The Jed, joining the Teviot close to Jedfoot Station, reminds us that the county town of Roxburgh—Jedburgh—is within easy access, and the fascinating valley of the Jed which Burns so vigorously extolled. The Jed takes its rise between Needslaw and Carlintooth on the Liddesdale Border. Its general course is east and north, and its length about seventeen miles. The places of chief interest on its banks are Southdean, where the Scottish chiefs assembled previous to Otterburn, and where the poet Thomson spent his boyhood; Old Jedworth, the original township, a few grassy mounds marking the spot; Ferniherst Castle, a Ker stronghold; Lintalee, the site of a Douglas camp described in Barbour's "Bruce;" the Capon Tree, a thousand years old, one of the last survivors of "Jedworth's forest wild and free;" and the Hundalee hiding caves. The charm of Jedburgh consists in its old-world character and its semi-Continental touches. Its fine situation early attracted the notice of the Scottish Kings, though Bishop Ecfred of Lindisfarne is believed to have been its true founder. He could not have chosen a more sweet or appropriate nook for his little settlement. Nestling in the quiet valley, and creeping up the ridge of the Dunion, the song of the river ever in its ears, freshened by the scent of garden and orchard, and surrounded by finely-wooded heights, Nature has been lavish in filling with new adornments, as years sped by, a spot always bright and fair.

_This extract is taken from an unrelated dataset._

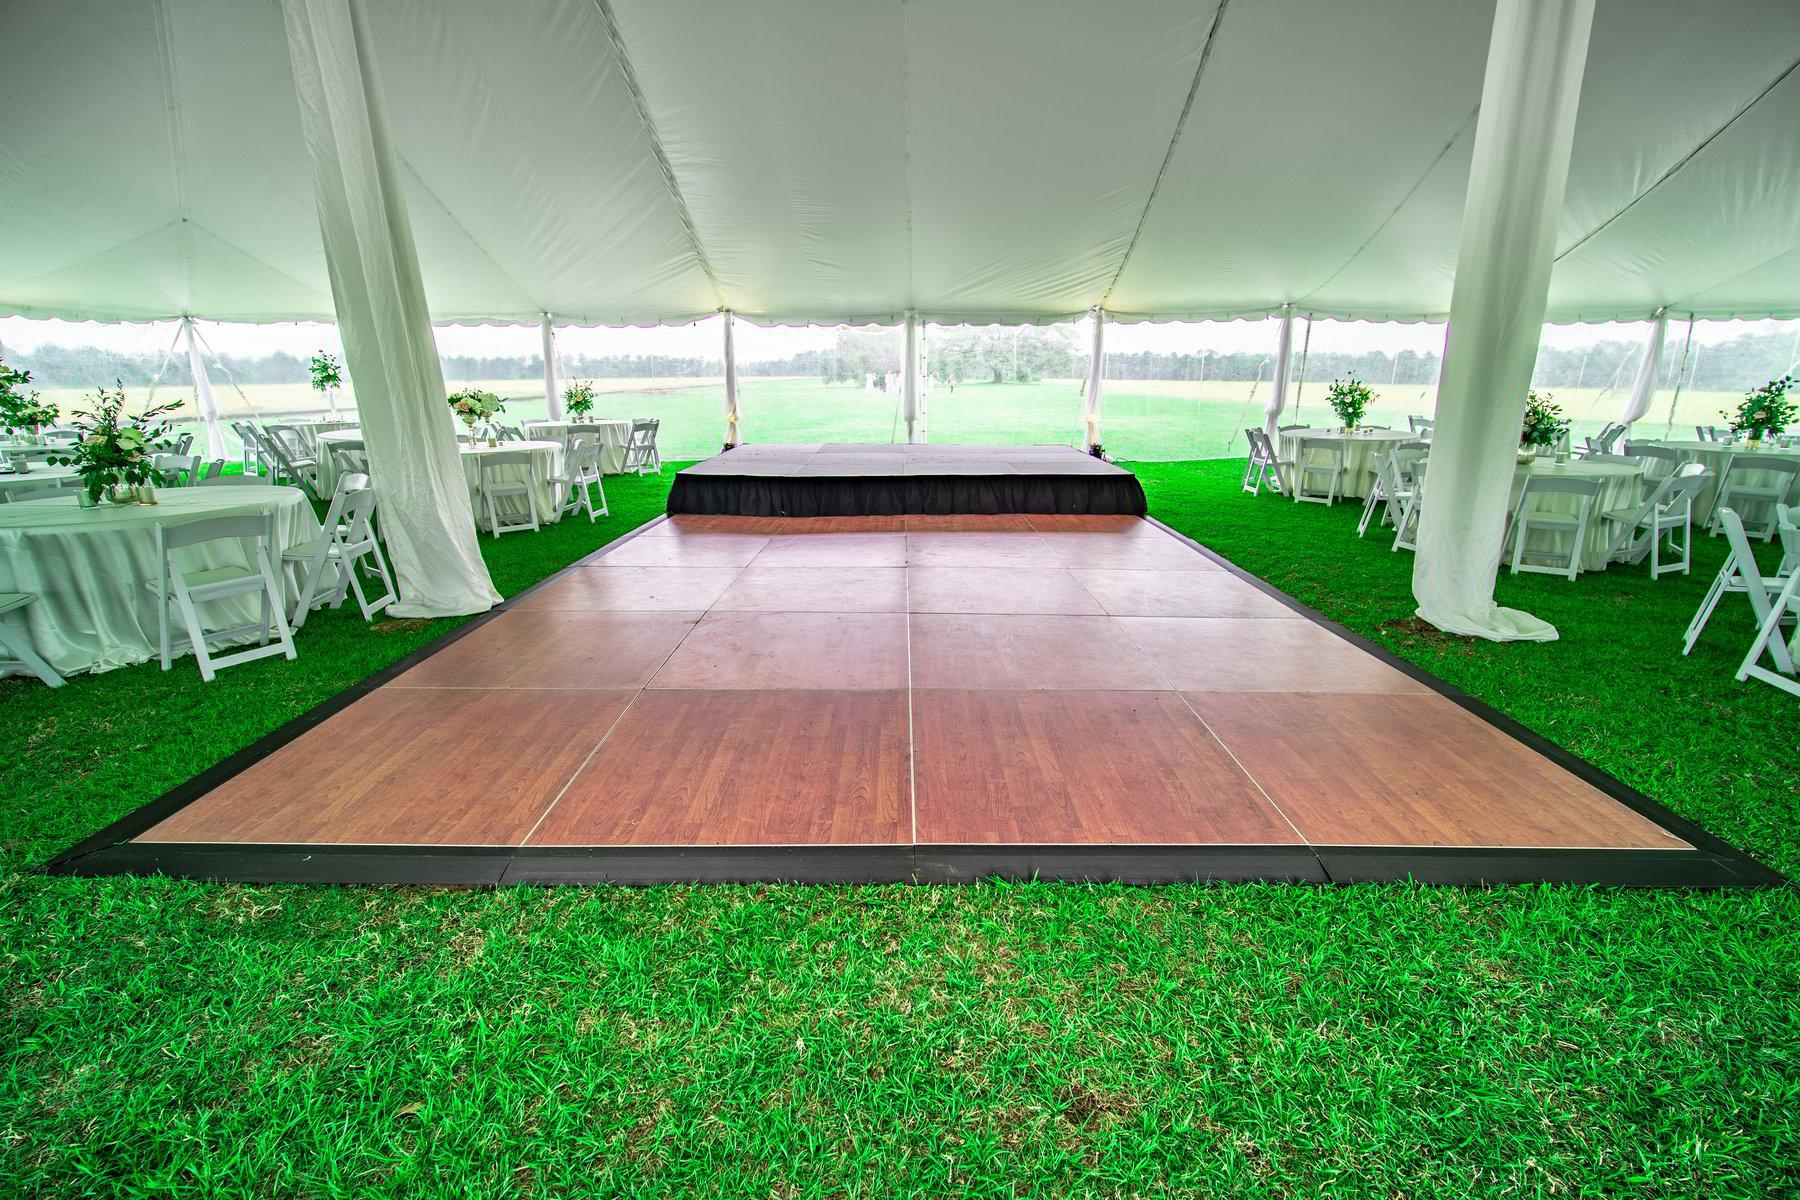 Stage Amp Dance Floor Rental Valdosta Special Occasions

"O softly Jed! thy sylvan current lead
Round every hazel copse and smiling mead,
Where lines of firs the glowing landscape screen,
And crown the heights with tufts of deeper green."

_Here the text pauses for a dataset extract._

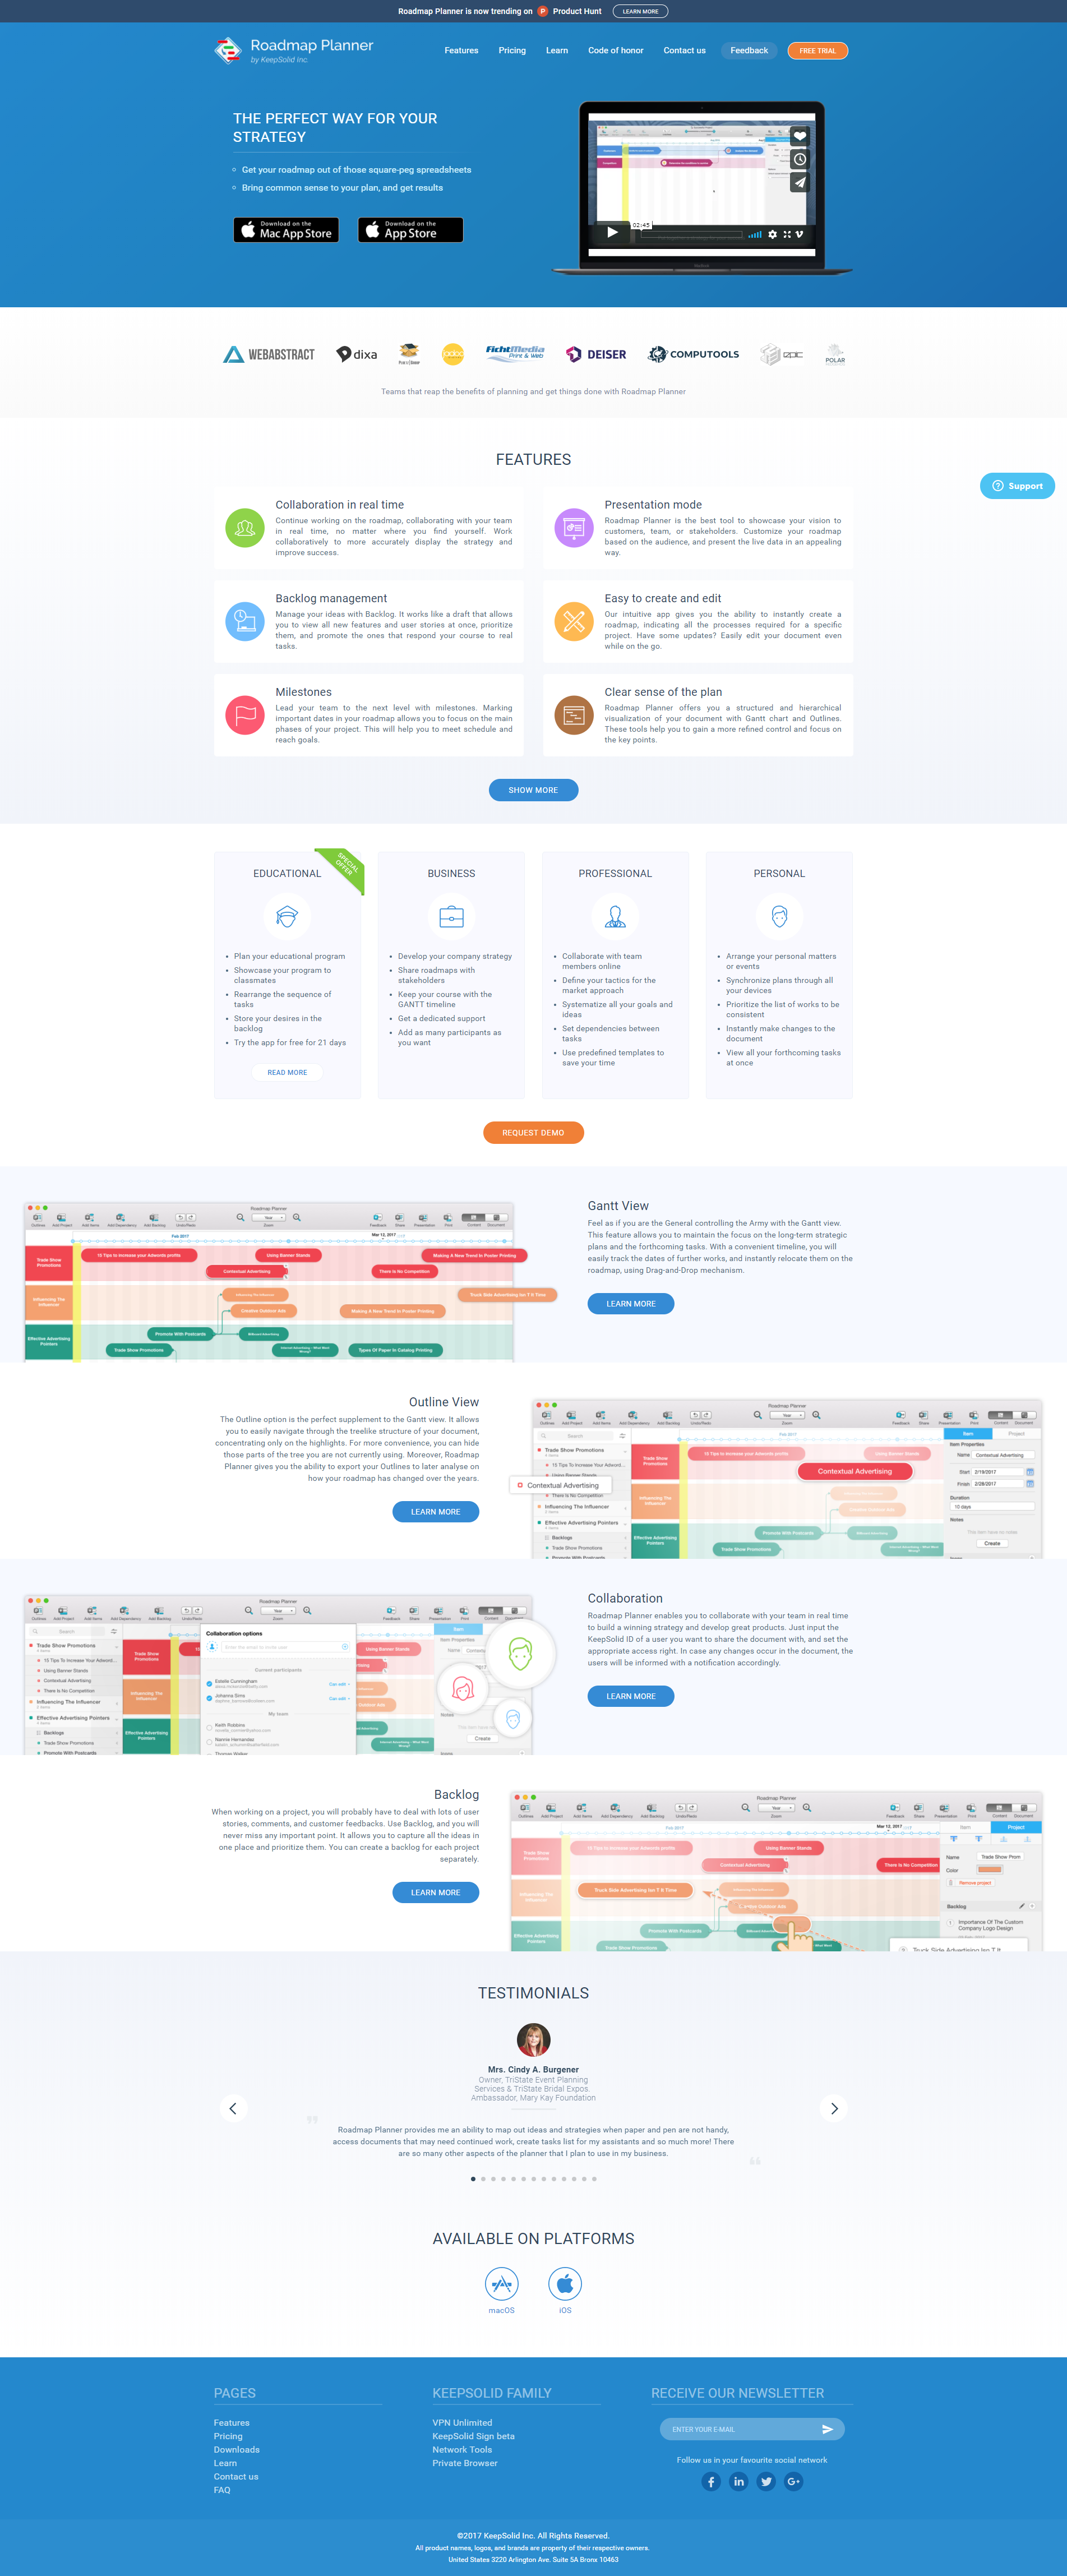 Roadmapplannerio Home Web Design Pinterest - Roadmap planner

The modern beauty of the place notwithstanding, Jedburgh's history has been a singularly troubled one. As a frontier town and the first place of importance north of the Cheviots, it was naturally a scene of strife and bloodshed. Around it lay the famous Jed Forest, rivalling that of Ettrick. The inhabitants were brave warriors, and noted for the skill with which they wielded the Jeddart staff or Jedwood axe. Their presence at the Reidswire decided that skirmish in favour of the Scottish Borderers:

"Then rose the slogan wi' ane shout,
Fye, Tynedale, to it! Jeddart's here."

And at Flodden the men from the glens of the Jed were conspicuous for their heroism. Jedburgh Abbey is the chief "lion" of the locality. Completer than Kelso and Dryburgh, and simpler and more harmonious than Melrose, it stands in the most delightful of situations, girt about with well-kept gardens, overlooking the bosky banks of the Jed—a veritable poem in Nature and Art. Queen Mary's House (restored) the scene of her all but mortal illness in 1566 is still existing, and well worth a visit. The literary associations of the burgh are more than local. James Thomson was a pupil at its Grammar School. Burns was made a burgess during his Border tour in 1787. Scott made his first appearance as a criminal counsel at Jedburgh, pleading successfully for his poacher client. The Wordsworths visited Jedburgh in 1803. Sir David Brewster and Mary Somerville were natives, and here the "Scottish Probationer" lived and died. Samuel Rutherford was born at Crailing, the next parish, where also David Calderwood, the Kirk historian, was minister. Cessford Castle, in Eckford parish, was the residence of the redoubtable "Habbie Ker," ancestor of the Dukes of Roxburghe. Marlefield, "where Kale wimples clear 'neath the white-blossomed slaes," is a supposed scene (erroneous) of the "Gentle Shepherd." Yetholm, on the Bowmont, near the Great Cheviot, has been the headquarters of Scottish gypsydom since the 17th century. Opposite Floors Castle, at the confluence of the Tweed and Teviot is the green tree-clad mound with a few crumbling walls, all that remains of the illustrious Castle of Roxburgh, one of the strongest on the Borders, the birthplace and abode of kings, and parliaments, and mints, and so often a bone of bitter contention between Scots and English. The town itself, the most important on the Middle Marches, has entirely disappeared, its site and environs forming now some of the most fertile fields in the county:

"Roxburgh! how fallen, since first, in Gothic pride,
Thy frowning battlements the war defied,
Called the bold chief to grace thy blazoned halls,
And bade the rivers gird thy solid walls!
Fallen are thy towers; and where the palace stood,
In gloomy grandeur waves yon hanging wood.
Crushed are thy halls, save where the peasant sees
One moss-clad ruin rise between the trees;
The still green trees, whose mournful branches wave
In solemn cadence o'er the hapless grave.
Proud castle! fancy still beholds thee stand,
The curb, the guardian, of this Border land;
As when the signal flame that blazed afar,
And bloody flag, proclaimed impending war,
While in the lion's place the leopard frowned,
And marshalled armies hemmed thy bulwarks round."